Realizing this made me feel so sad!!
I felt like wow, how easily it seems social media can erase a person.
I'm sad because a lot of great memories were shared and linked to her page.
And I miss her a lot, I can still almost hear her still, sense her presence.
And I do not want to forget how she looked and the time we spent together or even just her life in general.
I talked to a friend of mine today about it. She thought the opposite. That she would like the same if she passes, for her social media to be erased. She felt it would cause pain to her family.
I guess people all grieve differently.
Today I visited my folks.
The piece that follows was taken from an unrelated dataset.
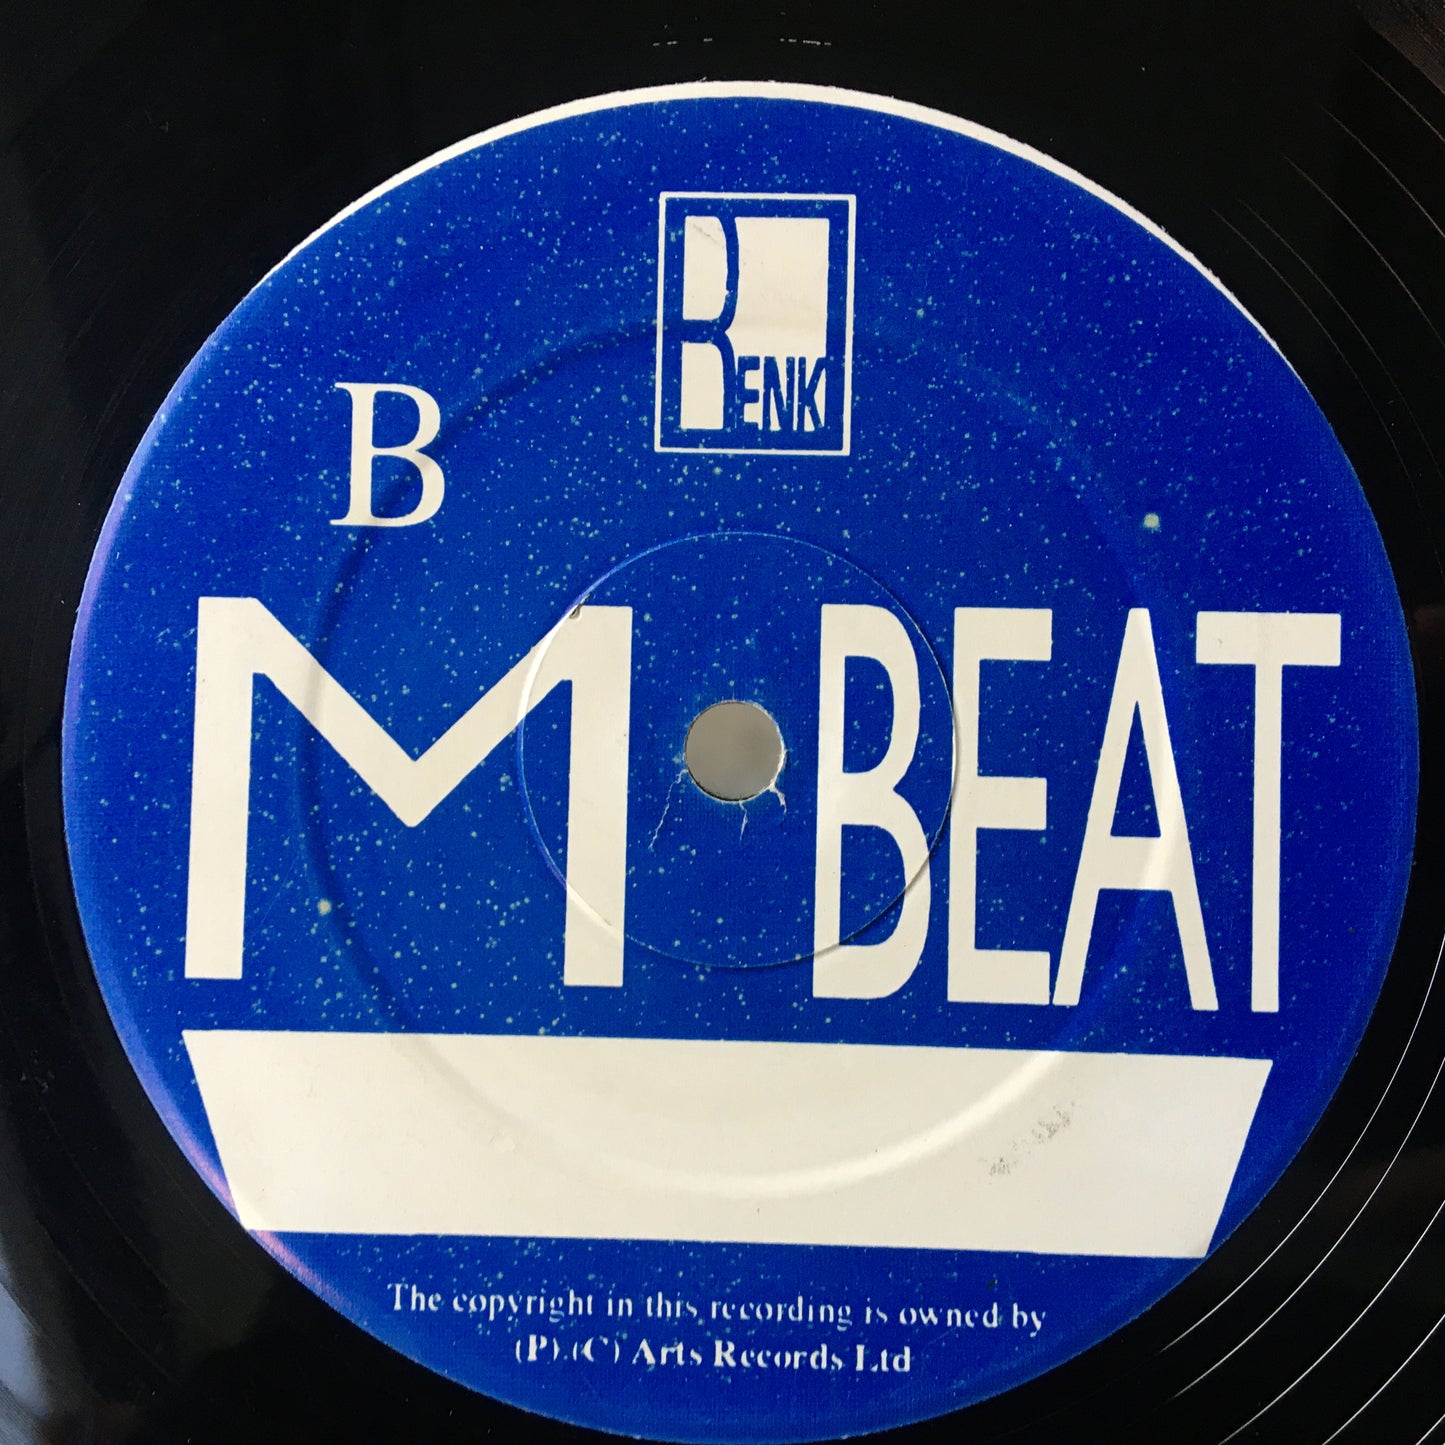 M-Beat——风格

I started to look at old hard copy albums 2008, 2016 (ones made from digital & online pics). My sis-in-law's mother was in one of these albums. She also recently passed. My mom said she cannot bear to look at it because she said it will make her cry and it is too painful.
I guess for the past how many years people no longer make picture albums and mostly have a pile of never ending digital photos either scattered on their phone or in a cloud. Those albums for the public to see are now just in "social media". There is a sense of impersonal distance with that term. This now common way of sharing memories and experiences.
I miss the old albums. The hard copy of these memories. Something a bit more tangible.
Not to live in the past but to look back fondly on it.
I guess it is there to also be reminded to cherish the moment right now, almost capturing the essence of the time and place and feeling, and to remember it and keep it close, photograph or not.